I'd love to go to the hairdresser...
It's a little bit like just before Christmas: unexpectedly, there are only a few days left until the festivities, and you haven't thought about getting presents yet, to which everyone has said in advance 'this year we're not getting anything for ourselves, people are starving elsewhere, so let's donate to the organisations that make us aware of that'.
The only difference is that the money you spend at the hairdresser's goes to another good cause, namely not to frighten your fellow human beings with the sight of you, as is the case with cute Tasmanian devils who suddenly stand up and show their teeth. Sure, I can cut my own hair if need be, but the result threatens to look even worse than simply letting the chaps sprout.
I have to think of the owner of the chip shop who is wondering whether he can at least keep his shop open for out-of-home sales.
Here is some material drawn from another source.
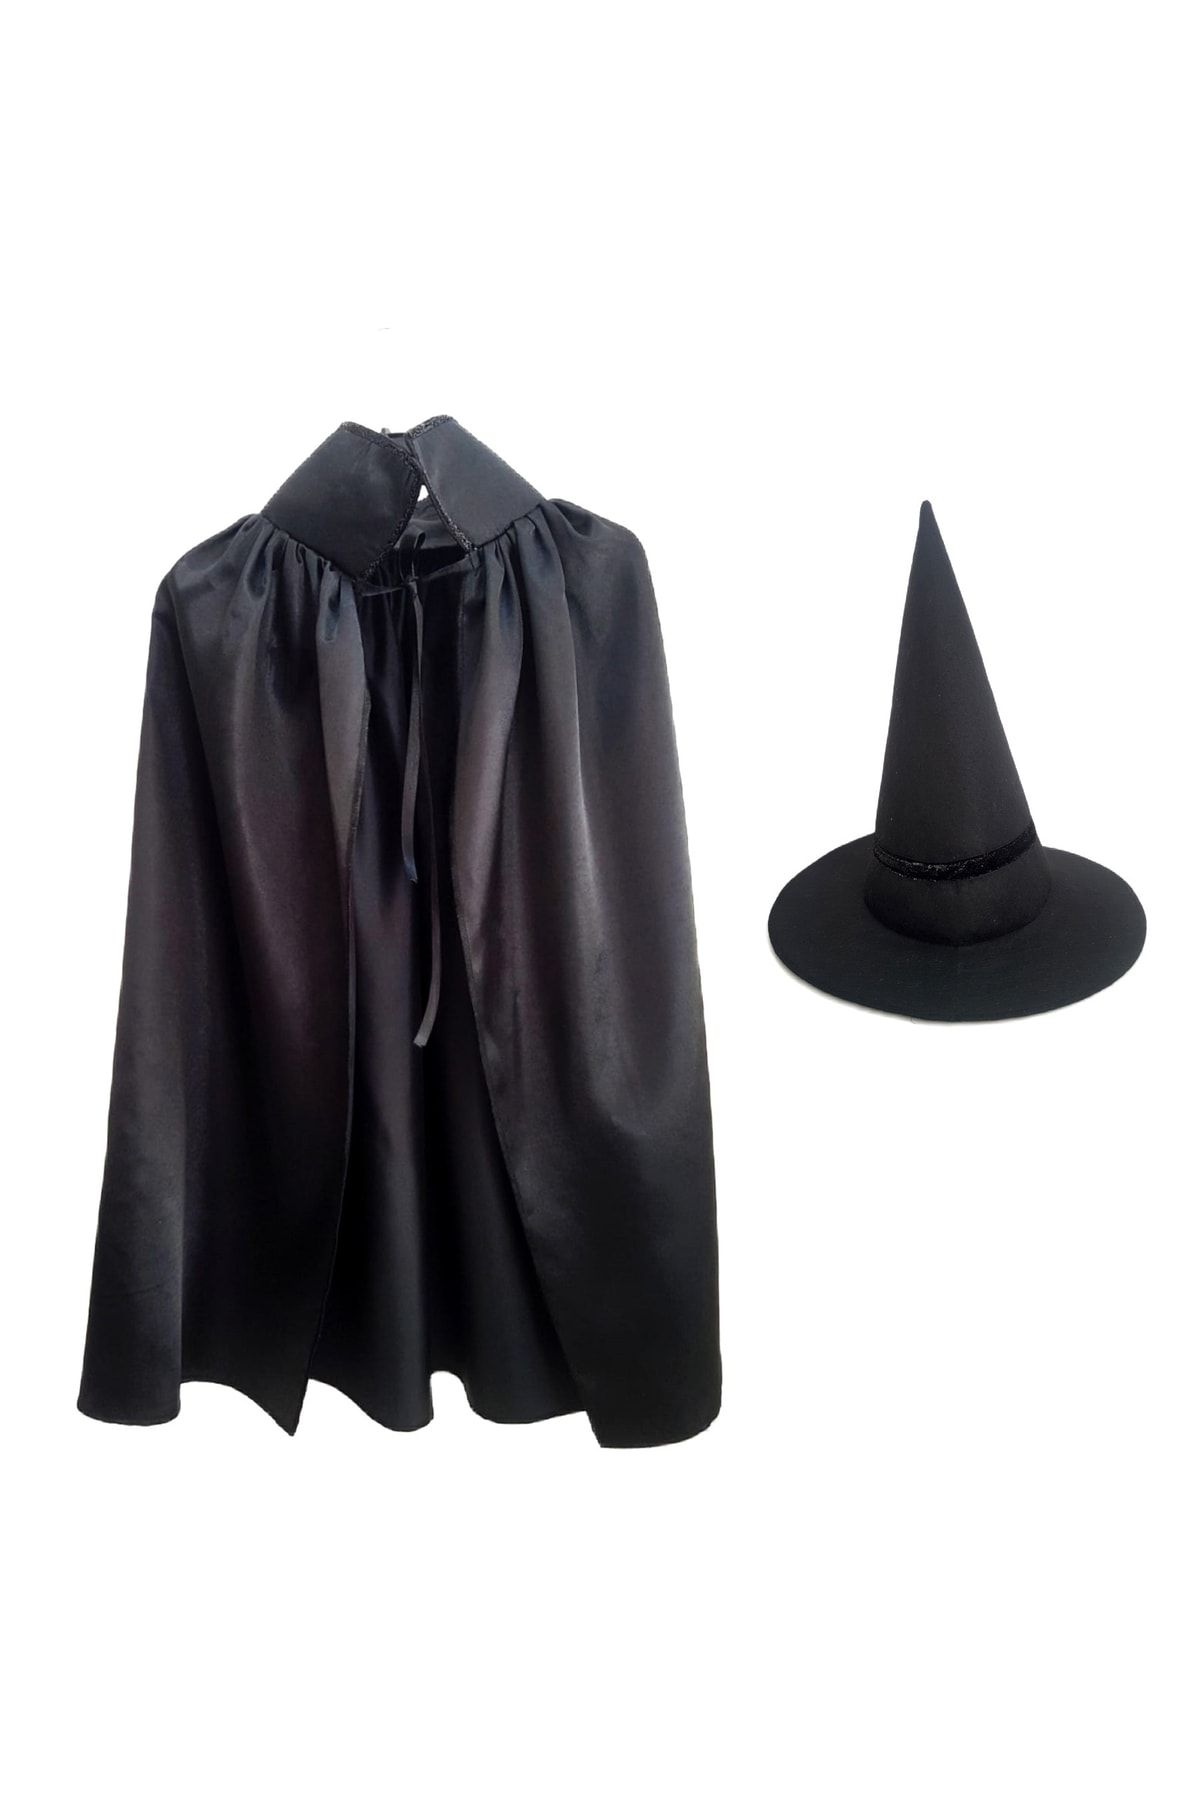 Gala Kostüm Hallowen Cadılar Bayramı Siyah Çocuk Cadı Şapkası Ve Pelerin (70CM) Set 4 - 9 Yaş

He can't just skip the rent, the electricity for the refrigeration and the maintenance of the equipment; it's bad enough that his employees have to stay at home, because he doesn't get billions in aid that the managers stuff into their pockets (the short-time workers can watch how they get along with 59% of the salary, then they'll already learn what's in store for them when they become unemployed).
The lost income in relation to the costs, not counting his own working hours of course ... so he can just about manage not to take down the dusty 'Temporary help wanted' in a fortnight and auction it off for the highest bid on ebay because his shop will remain closed forever.
So is 'letting it grow' the most humane solution?
I wonder how the small hairdressing businesses are doing analogously. I have seen hairdressers with colds in the past who worked with protective masks so as not to infect the customers. Whose protection is currently in the foreground; that of the customers or the hairdressers; is hair contagious? In the supermarket or the tram, a distance of 1.5 m cannot be maintained; does holding one's breath until the bacillus-spreading seat neighbour gets out help? If I had known that all service providers would close their doors indefinitely, I would have left a week earlier when I didn't really need to, but now it's too late to regret the postponed decision.
Hairdresser - the crisis-proof profession
Ha, my ass. As a child faced with the choice of becoming an astronaut, a football player, a rock star or a fireman, I kept hearing that hairdressing was a crisis-proof profession ... and now we have a crisis and all the hairdressers are closed. Not even the clever Basic Law makers had such a thing on their minds in 1948. It took until the grand coalition of 1968 for emergency laws to be included in the Basic Law at all. For a long time, the SPD and the trade unions resisted depriving people of their basic rights, and it was only enough to cover the case of defence, natural disasters and uprisings, as well as to insert the clause of constitutional appeal; an impending wave of colds was not a scenario that could have been imagined so dramatically.
Is it that dramatic?
Many politicians have underestimated the seriousness (within two months, an infection rate of 0.000025 % of the population has become 0.00025, exponentially extrapolated, 250 percent of the population will be infected in two years, unfortunately these are not the pandemic proportions that justify curfews and shop closures), others have been ranting for years to declare a state of emergency - but unfortunately this is not possible, because the spread of a virus is not a defence case and neither a catastrophe nor a riot. It could come to that, however, if the hairdressing salons remain closed and more and more people walk around with wild hair, because no one can forbid us to take a walk in the fresh air. We can only hope that the long-haired stay at home voluntarily and do not frighten people, as the government's unclear claims, which change hourly, already do enough.